I can't work up the energy to care about the Supreme Court's latest terrible decision. Though I think they got the law wrong, and opened a door dangerous people might use, I find it unlikely that anything too terrible is going to happen. A bland upstate NY prayer for a good meeting isnt going to inspire any pogroms. Still, I wish the rule was iron clad: No state-sponsored Jesus-mongering
The Supreme Court on Monday ruled that a town in upstate New York did not violate the Constitution by starting its public meetings with a prayer from a “chaplain of the month” who was almost always Christian.
Justice Anthony M. Kennedy, writing for the majority in a 5-to-4 decision that divided the court’s more conservative members from its liberal ones, said the prayers were merely ceremonial. They were neither unduly sectarian nor likely to make members of other faiths feel unwelcome.Sorry, but one gets the feeling that Justice Kennedy doesn't understand the first thing about prayer. While he may come from a religious tradition that is inclusive and polite, most traditions are the very opposite. Their prayers are not ceremonial. They do not make members of others faiths feel welcome or included. By design, they do the very opposite.
More importantly if you believe in the power of prayer and you think your religion is the one true faith you can't simultaneously believe your prayers are ceremonial, innocuous, and inclusive.
In upstate NY, Jews hold the majority in a few villages.
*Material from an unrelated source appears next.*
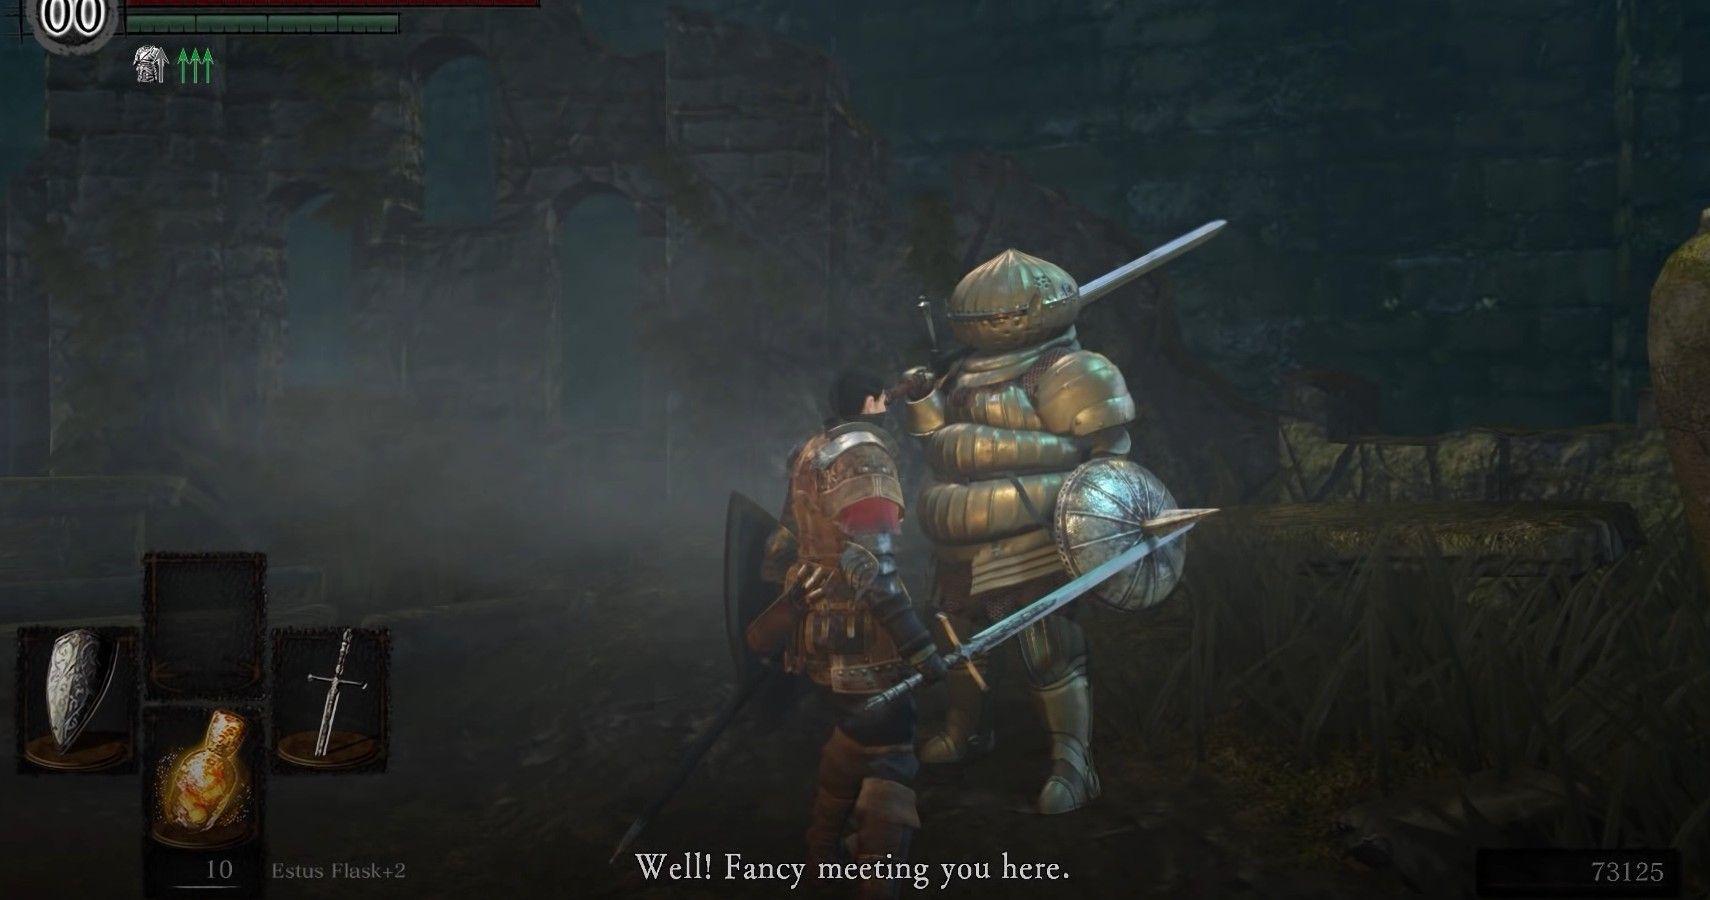 Dark Souls: Siegmeyer's Questline, A Step By Step Guide

Suppose those upstate Jews were to initiate their village proceedings with a few words about God. Would their prayers make Christians in the audience feel welcome? Probably not. As Justice Kagan asked in her blistering dissent, would those Christians be able to reconcile the Jewish prayers "with the First Amendment’s promise that every citizen, irrespective of her religion, owns an equal share of her government.” Again: probably not. And that is what the Court''s majority failed to grasp.
Fun fact to know and tell: None of the SCJs are Protestants.